You can obtain the document value by using the core Couchbase API to get individual documents or documents in bulk. Some SDKs can perform this operation for you automatically.

Using this model will also prevent issues where the emitted view data may be inconsistent with the document state and your view is emitting value data from the document which is no longer stored in the document itself.

For views that are not going to be used with reduce, you should output a null value:


function(doc, meta)
    {
    if(doc.type == 'object')
    emit(doc.experience, null);
    }

This creates an optimized view containing only the information required, ensuring the highest performance when updating the view, and smaller disk usage.

Don’t include entire documents in view output

A view index should be designed to provide base information and through the implicitly returned document ID point to the source document.

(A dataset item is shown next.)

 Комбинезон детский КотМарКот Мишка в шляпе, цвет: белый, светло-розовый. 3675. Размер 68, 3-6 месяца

It is bad practice to include the entire document within your view output.

You can always access the full document data through the client libraries by later requesting the individual document data. This is typically much faster than including the full document data in the view index, and enables you to optimize the index performance without sacrificing the ability to load the full document data.

For example, the following is an example of a bad view:


function(doc, meta)
    {
    if(doc.type == 'object')
    emit(doc.experience, doc);
    }

The above view may have significant performance and index size effects.

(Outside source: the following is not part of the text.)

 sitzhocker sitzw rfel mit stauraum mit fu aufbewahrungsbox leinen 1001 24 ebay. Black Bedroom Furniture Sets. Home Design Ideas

This will include the full document content in the index.

Instead, the view should be defined as:


function(doc, meta)
    {
    if(doc.type == 'object')
    emit(doc.experience, null);
    }

You can then either access the document data individually through the client libraries, or by using the built-in client library option to separately obtain the document data.

Use document types

If you are using a document type (by using a field in the stored JSON to indicate the document structure), be aware that on a large database this can mean that the view function is called to update the index for document types that are not being updated or added to the index.

For example, within a database storing game objects with a standard list of objects, and the users that interact with them, you might use a field in the JSON to indicate ‘object’ or ‘player’. With a view that outputs information when the document is an object:


function(doc, meta)
{
  emit(doc.experience, null);
}

If only players are added to the bucket, the map/reduce functions to update this view will be executed when the view is updated, even though no new objects are being added to the database. Over time, this can add a significant overhead to the view building process.

In a database organization like this, it can be easier from an application perspective to use separate buckets for the objects and players, and therefore completely separate view index update and structure without requiring to check the document type during progressing.

Use built-in Reduce functions

Where possible, use one of the supplied built-in reduce functions, _sum, _count](#couchbase-views-writing-reduce-count), _stats](#couchbase-views-writing-reduce-stats).

These functions are highly optimized. Using a custom reduce function requires additional processing and may impose additional build time on the production of the index.